Obviously, this is going to vary quite a lot depending on the specific “normal” washing machine and the specific high-efficiency washing machine. I’ll go into the calculations using some aggregated statistics to show how many loads, on average, you’d have to do in a high-efficiency machine to make up for the extra cost.

CNet reports that you can buy a normal top-loading washing machine for $300-$650 and a high-efficiency machine for $600-$1,600. We’ll take the 40th percentile in both ranges, as it will more or less average the ones readers might actually buy and ignore the very high end ones with unnecessary bells and whistles.

This means we’ll be using a cost of $440 for the normal machine and $1,000 for the high-efficiency machine. That’s a difference of $560.

What about energy and water use? I used the energy calculator on the Mr. Electricity site and calculated that a top-loading (normal) washer would use $0.62 in energy and water per load, while a front-loading (high-efficiency) washer would use $0.41 in energy and water per load. I assumed that you’d be doing equal amounts of hot, warm, and cold washing and an electric water heater with a cost of $0.12 per kilowatt hour in obtaining those numbers.

That means, for each load of laundry done, a high-efficiency washer would save you $0.21 per load.

At a rate of $0.21 per load, you’d have to do 2,667 loads to make the high efficiency washer worthwhile.

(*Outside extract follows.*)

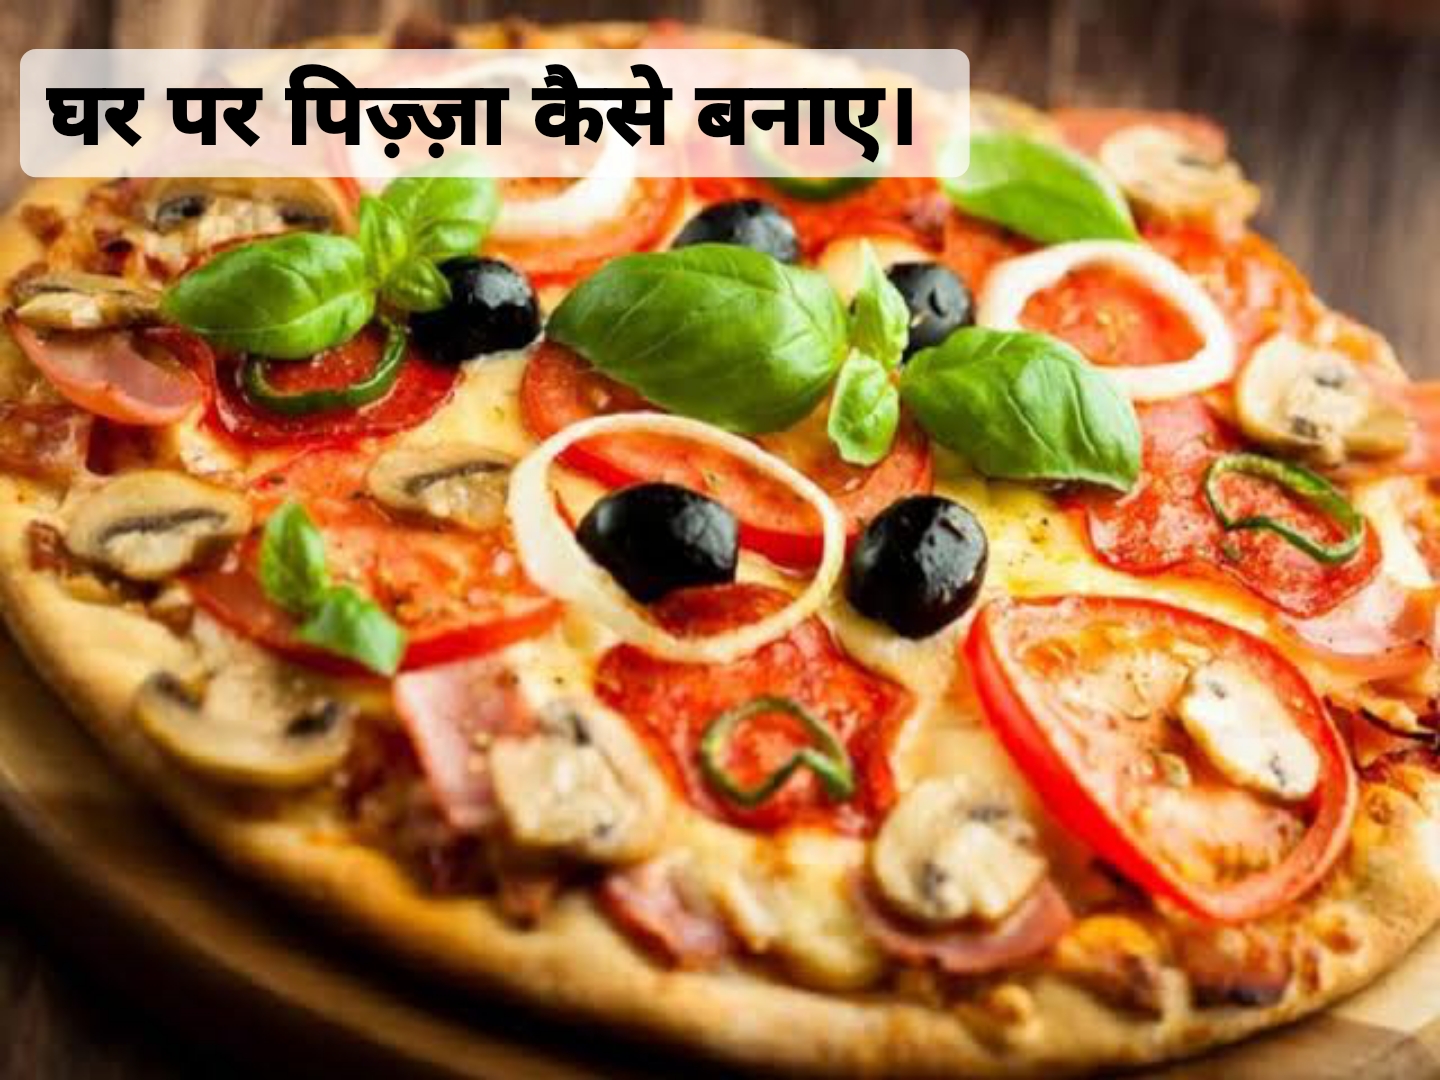 Homemade pizza recipe in hindi, घर पर पिज़्ज़ा कैसे बनाएं, पिज्जा बनाने की विधि।

That’s a lot of loads at first glance. However, the average American household does almost 400 loads per year, which means you’d be at that level in about six and a half years.

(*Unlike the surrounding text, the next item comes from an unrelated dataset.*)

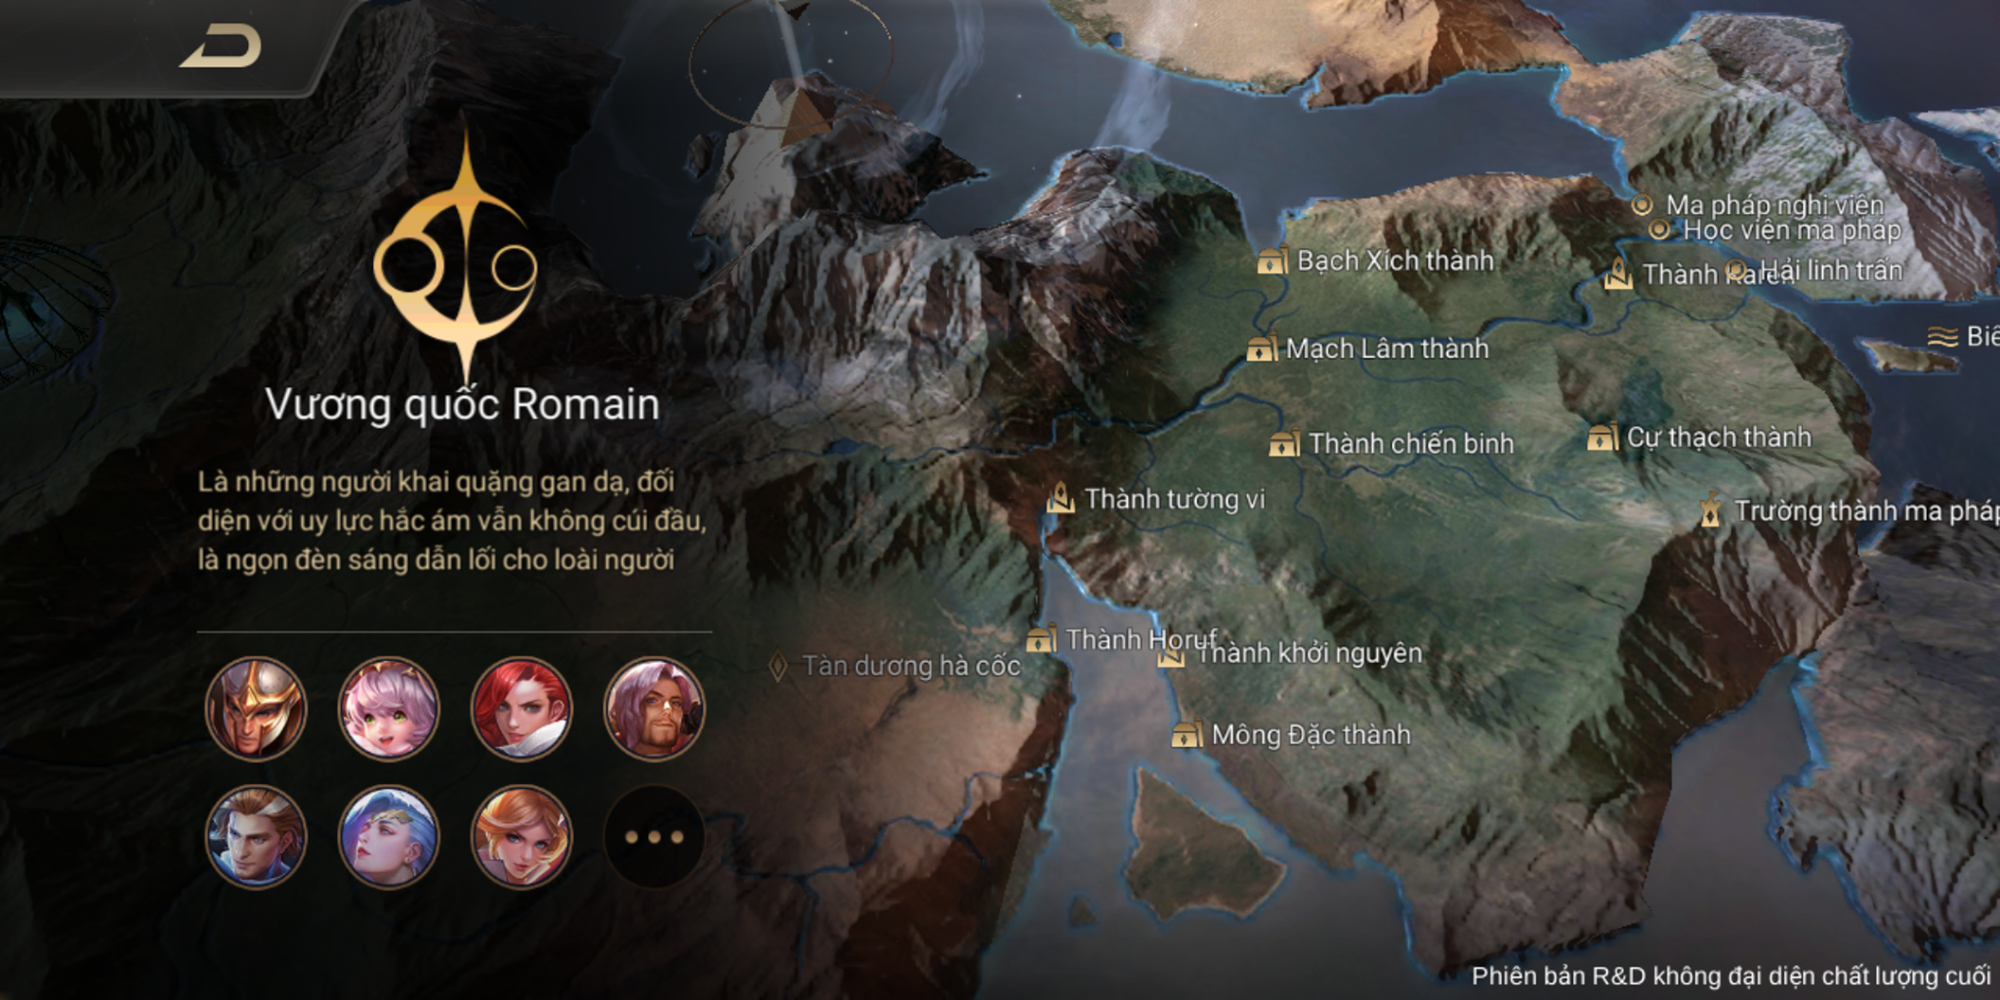 Cảm nhận sự khác biệt khi xem những hình ảnh map Runeterra của LMHT Liên Quân Mobile. Với các vùng đất đầy tính hệ thống hóa, lối chơi chiến thuật cực kì tinh tế và đội ngũ tay đua đầy tài năng, sẽ khiến bạn cảm thấy như mình đang bước vào một trận đấu chưa bao giờ thấy.

Of course, much of this calculation is dependent on the exact numbers used. Let’s say, for example, you’re comparing the lowest-end top loader with the lowest-end front loader, you’d have a difference of $300 instead of $560. That would only require you to do 1,428 loads to catch up. That’s about three and a half years.

Let’s say you’re living in an area with an energy cost of $0.15 per kilowatt hour. Your savings per load would jump to $0.22 per load, requiring you to have to do only 1,364 loads to catch up. You’re getting down to three years and a few months.

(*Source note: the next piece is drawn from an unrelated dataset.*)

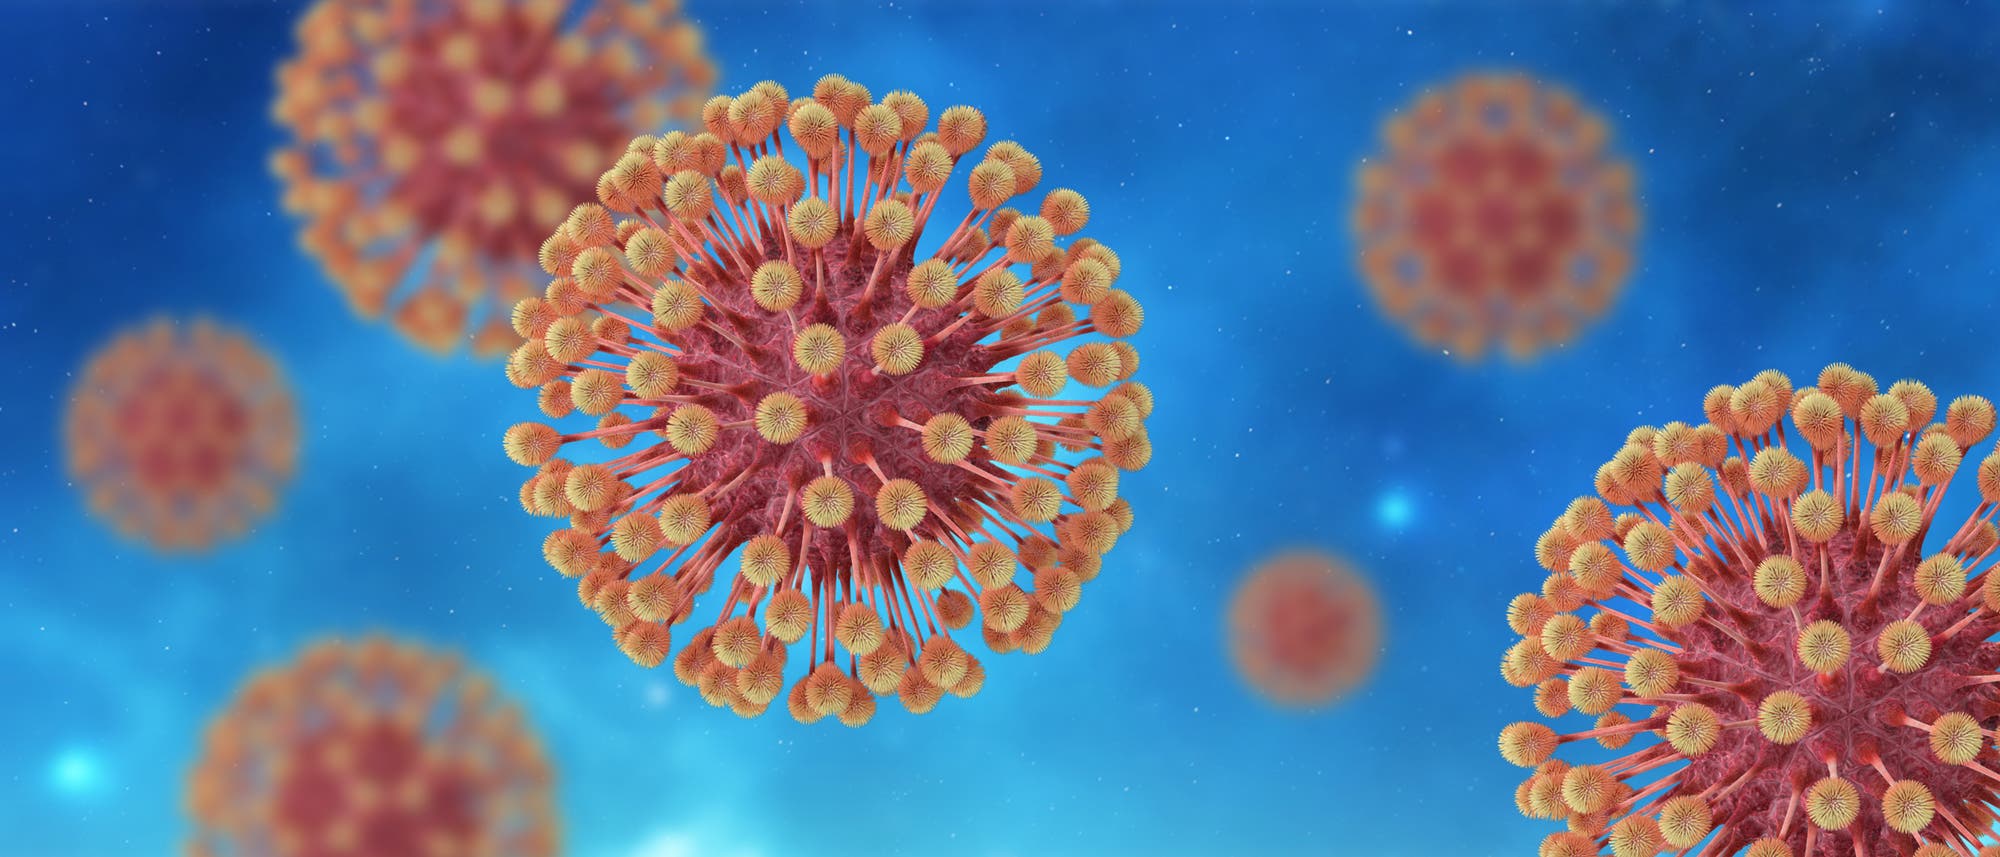 Diese Illustration zeigt ein Herpes simplex Virus, das in Rosatönen eingefärbt ist, der Hintergrund ist blau

Here’s the real truth: the big cost in washing clothes is the cost of heating the water. If you want to start saving money on each of your laundry loads, the best way to start is to minimize your cost of heating your water. A simple step would be to turn down the heat level on your water heater. A more drastic (and expensive up front) step that would save money in the long run is to use a tankless water heater.

For me, it would come down to cash on hand. If I were buying on credit, I would get the least expensive washing machine I could, as the interest on credit card debt destroys any energy efficiency savings I might get. If I were paying cash and could afford either option, though, I’d get a reliable energy efficient one, sticking with recommendations from Consumer Reports.